Kesuksesan, bagi legasi perampok kasino legendaris Ocean ini, jadi harga mutlak. Pasalnya, selain ingin membuktikan, ia bisa balik mengirim balik mantan kekasih ke penjara, perkara mencuri Toussaint, kalung berlian senilai US$150 juta relatif sulit. Oleh karena itu, strategi yang ia susun masak-masak selama lima tahun mendekam di bui, butuh perempuan sebagai aktor utama.

Di awal film, Debbie meyakinkan sahabatnya, tukang oplos minuman alkohol Lou (Cate Blanchett), proyek perampokan di Met Gala ini akan berhasil. Adegan berikutnya mudah ditebak. Sejumlah perempuan badass direkrut, dengan berbagai keahliannya. Ya, film besutan sutradara Gary Ross ini memang total menjiplak trilogi perampokan Ocean, yang mashur di awal 2000-an tersebut. Pembedanya, lagi-lagi hanya jenis kelamin yang bermain sebagai pelaku perampokan.

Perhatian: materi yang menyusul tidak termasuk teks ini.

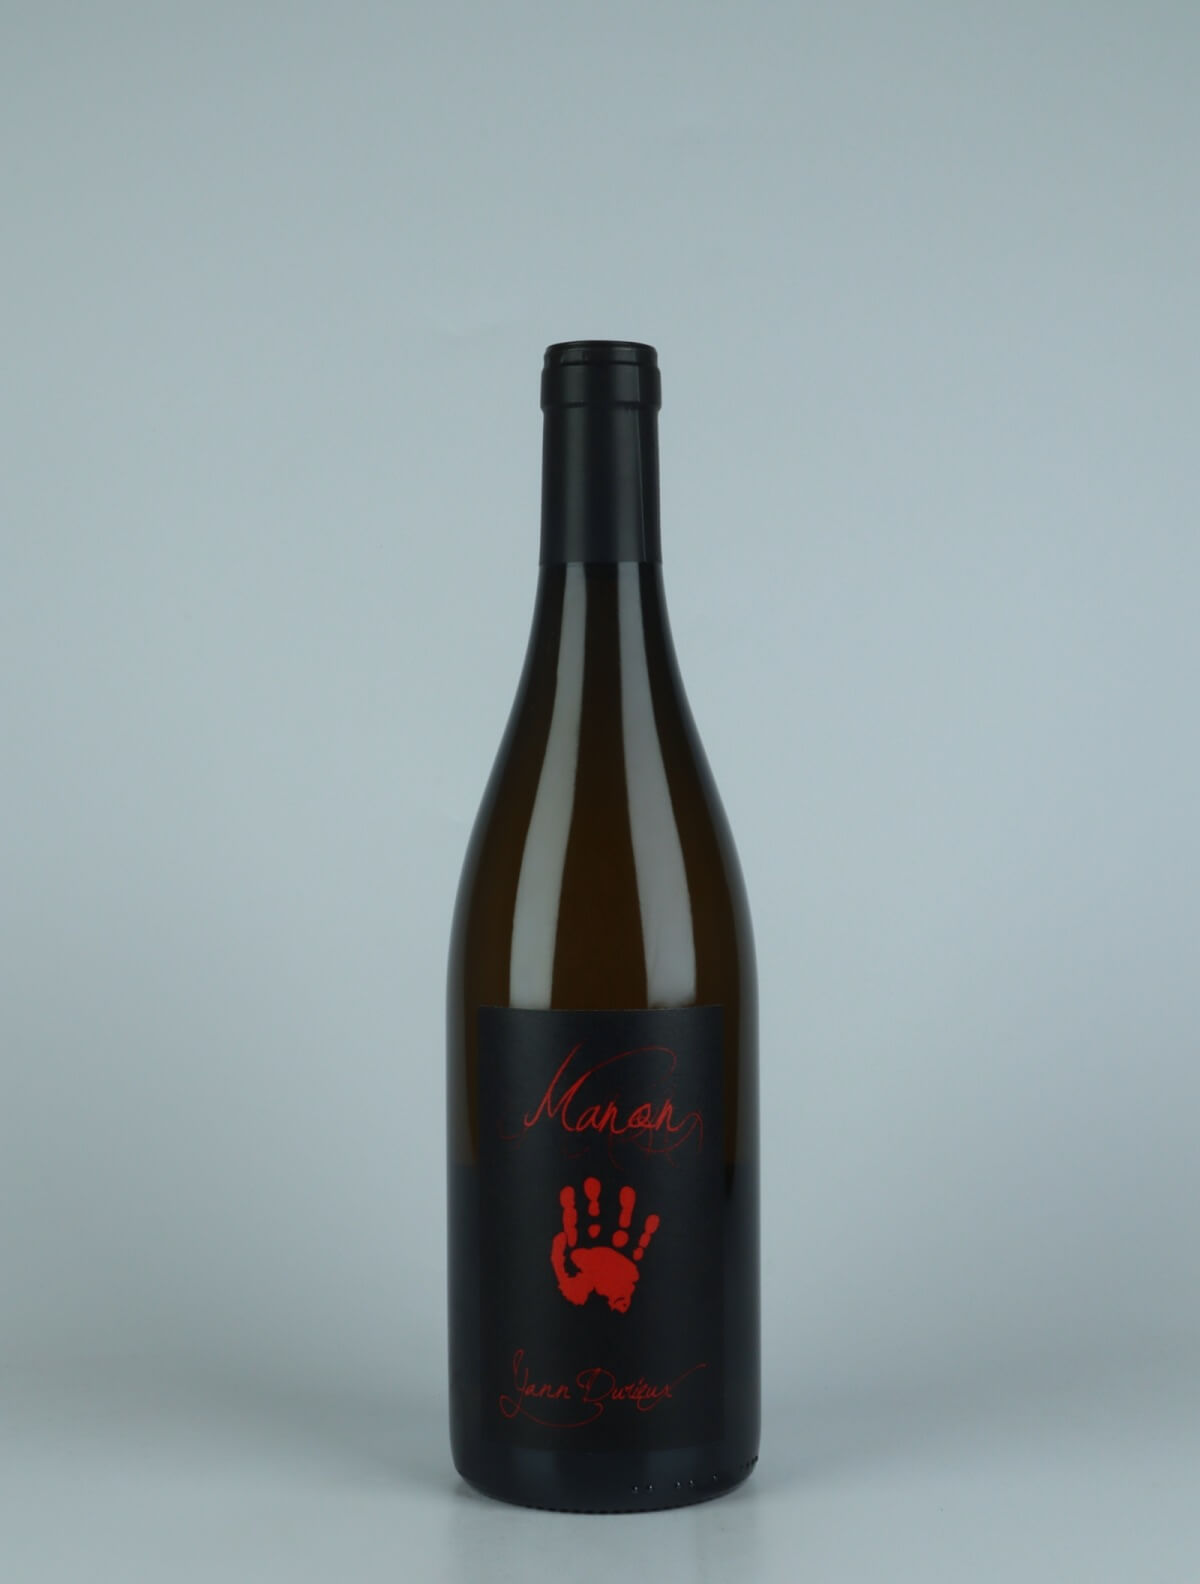 A bottle 2019 Manon White wine from Yann Durieux, Burgundy in France

Bukannya saya misoginis, tapi penunjukkan pemain kaliber dunia nan berpenampilan mewah ini, eksekusinya terasa biasa saja. Memang, dalam penokohan, saya sedikit terhibur. Misalnya, Sandra Bullock yang kadar ketenangannya level mumpuni, Cate Blanchett dengan lagak semau gue. Lalu ada Helena Bonham Carter yang bermain sebagai Rose Weil, desainer tak laku dengan tingkah dan penampilan—yang seperti biasa—selalu eksentrik.

Rihanna yang di sini berperan sebagai peretas yang gemar menghisap ganja. Anna Hathaway, yang luar biasa cantiknya, namun senyum yang ia jual entah mengapa terasa pas mewakili 'selebritis cantik, tapi bodoh'. Lalu Amita (Mindy Kalling) si pembuat berlian dengan ketelitian pemindaian yang super. Awkwafina si tukang ngutil di jalanan. Terakhir Sarah Paulson, ibu rumah tangga, yang rupanya belum ‘sembuh’ total dari kebiasaan menjadi penadah barang rampokan di garasi rumahnya.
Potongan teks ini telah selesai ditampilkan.